TASK TO CARRY OUT: Copy out the full listing exactly, omitting any picture it contains.

-- DATA EXCERPT follows --

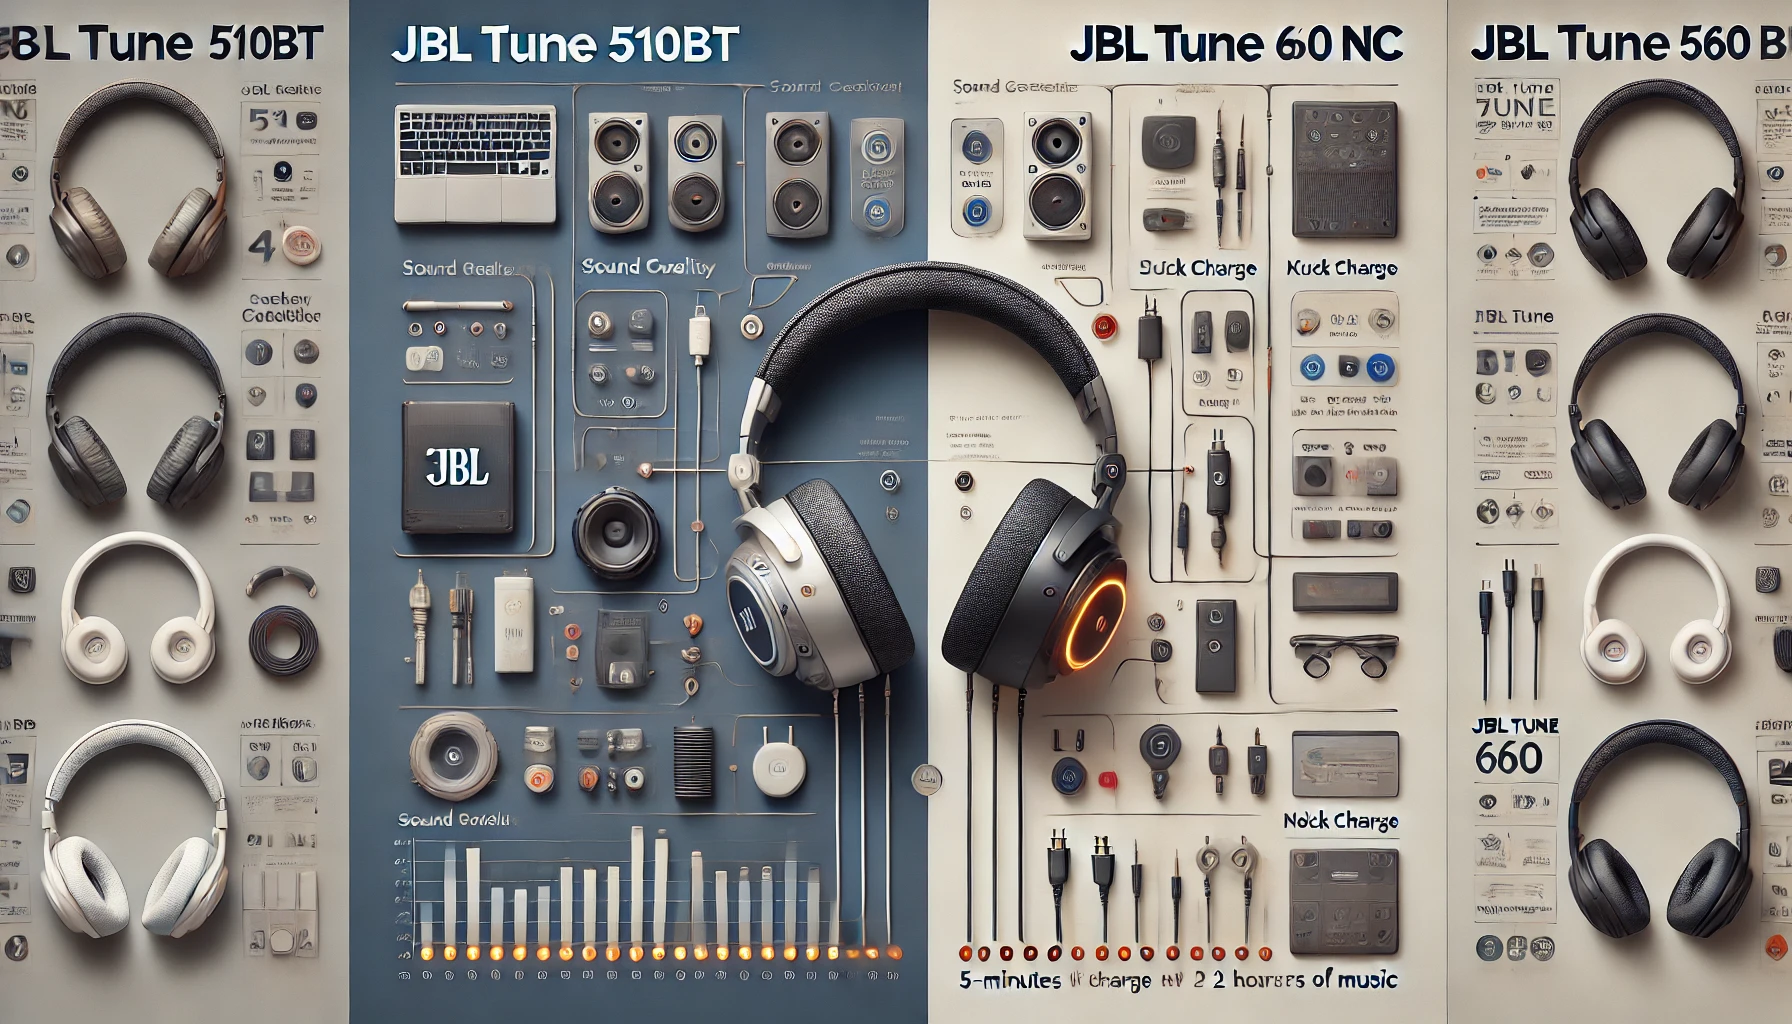 JBL Tune 510BT Vs JBL Tune 660 NC
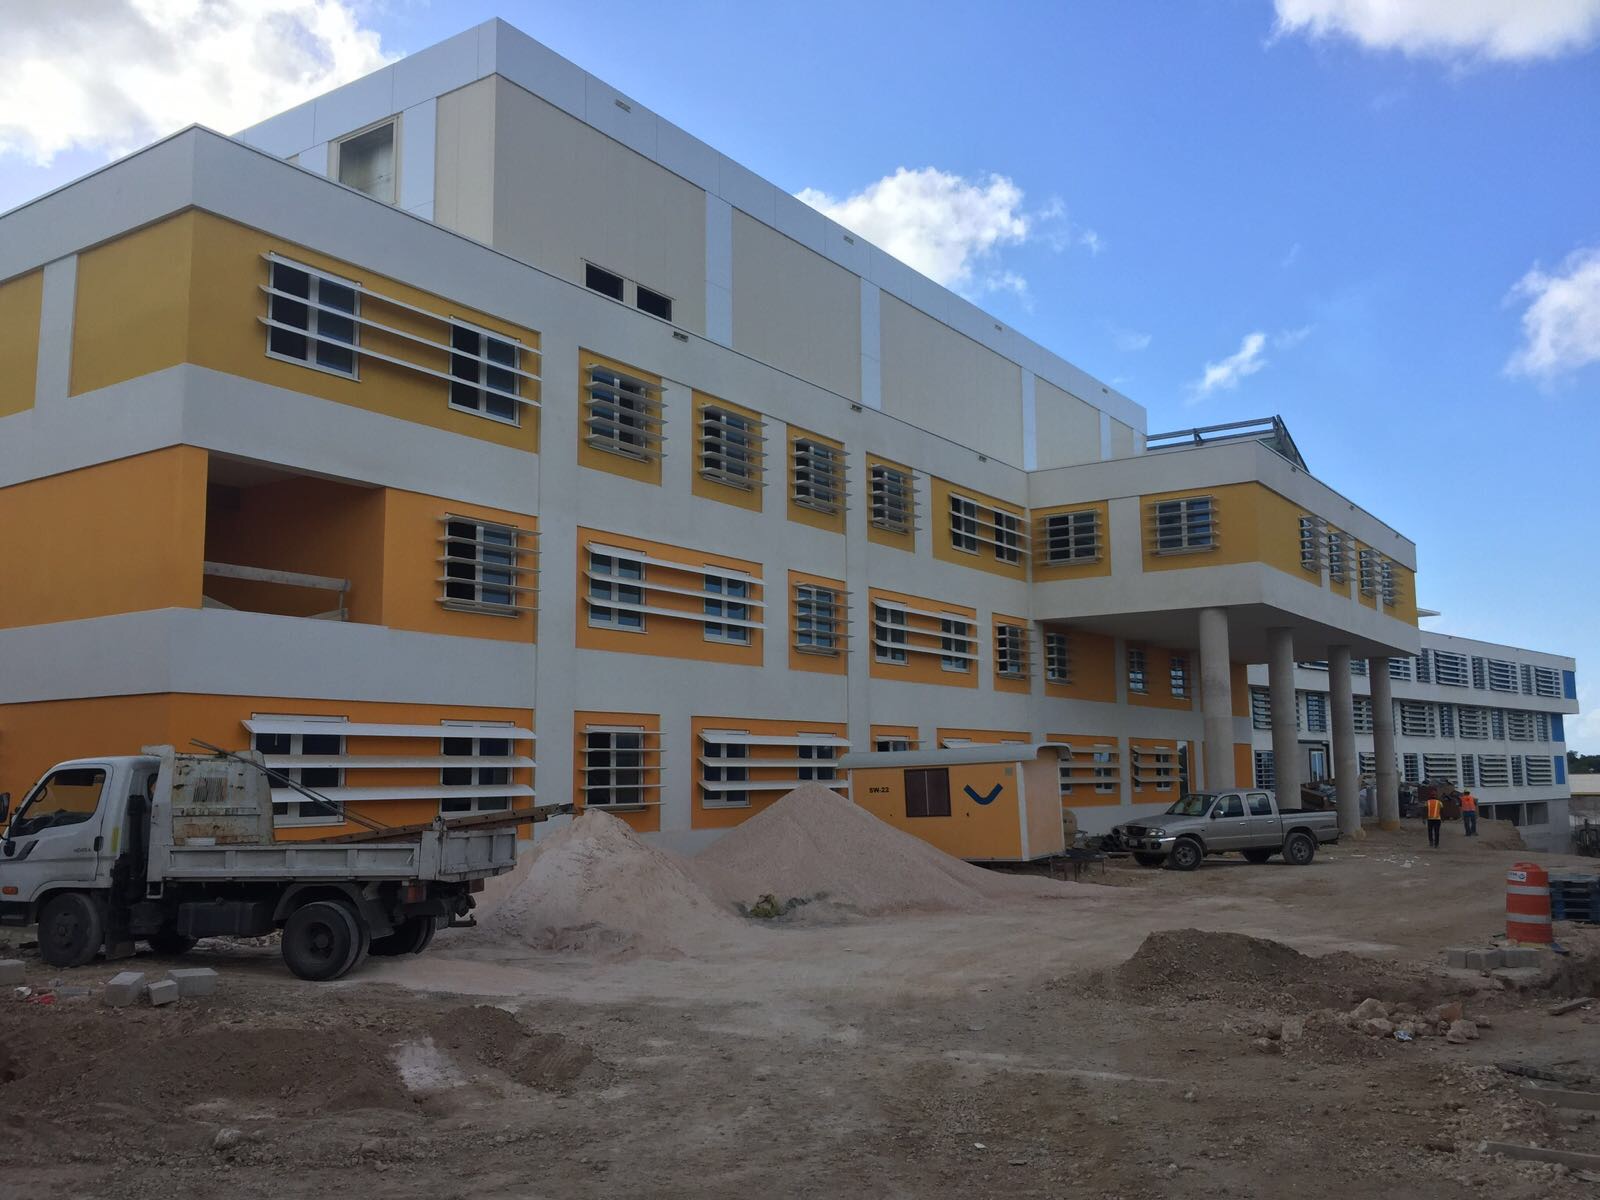 Curacao Medical Center (CMC)
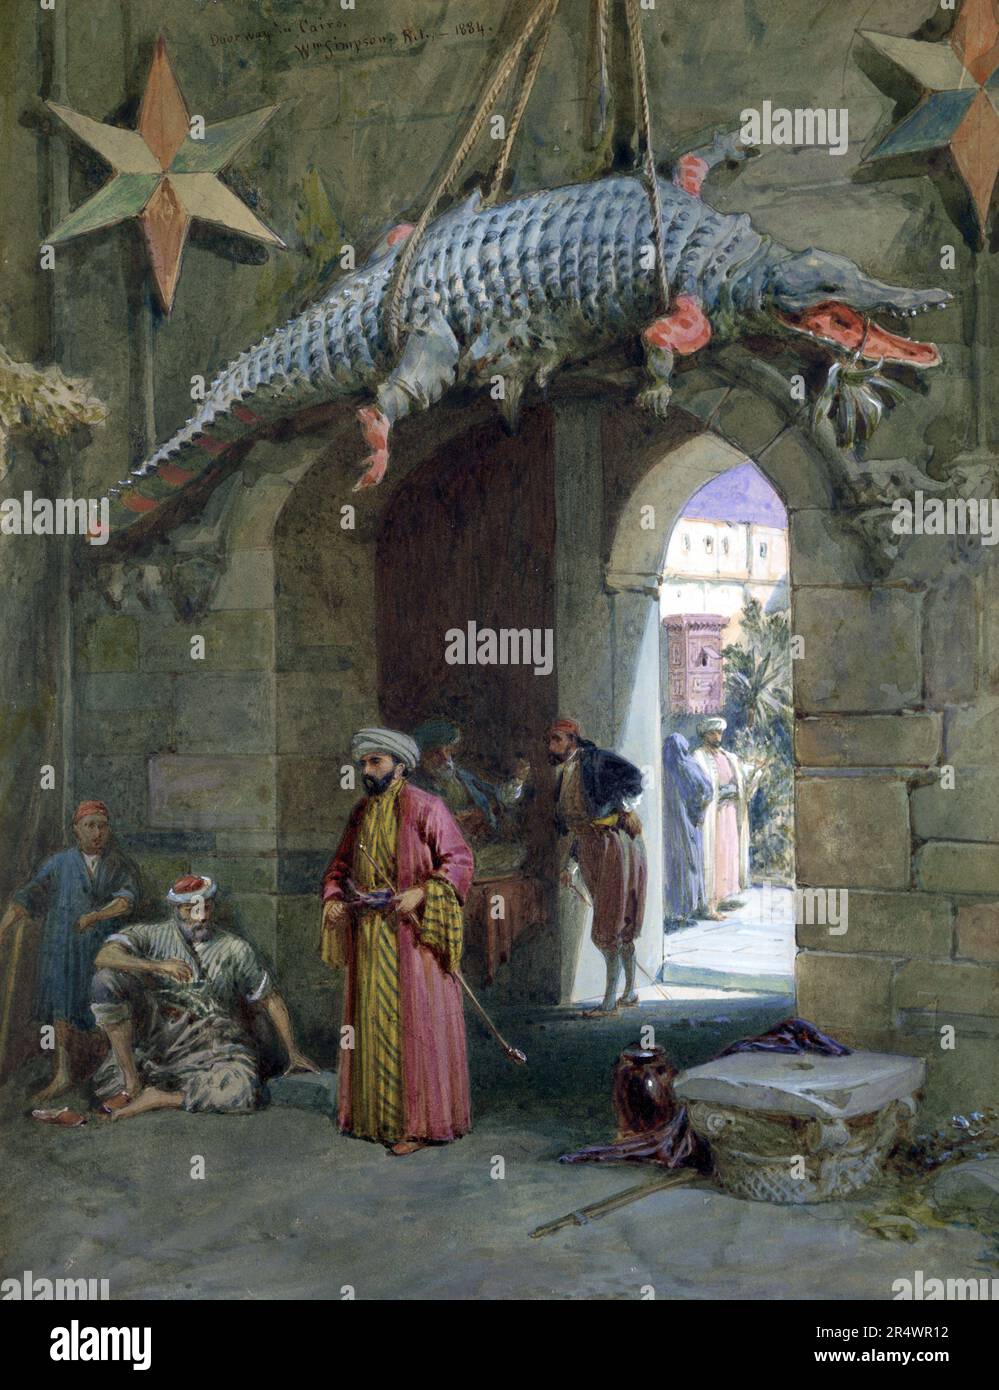 Gateway, Kairo, 1884. Aquarell. William Simpson (1823-1899) schottischer Maler. Steinbogen mit Krokodilkörper darüber. Männer in arabischen Kleidern laufen, reden und warten. Durch den Bogen im Hof, Mann und Frau im Gespräch. Stockfoto

-- DATA EXCERPT concluded --

TASK RESULT:
 JBL Tune 510BT Vs JBL Tune 660 NC
 Curacao Medical Center (CMC)
 Gateway, Kairo, 1884. Aquarell. William Simpson (1823-1899) schottischer Maler. Steinbogen mit Krokodilkörper darüber. Männer in arabischen Kleidern laufen, reden und warten. Durch den Bogen im Hof, Mann und Frau im Gespräch. Stockfoto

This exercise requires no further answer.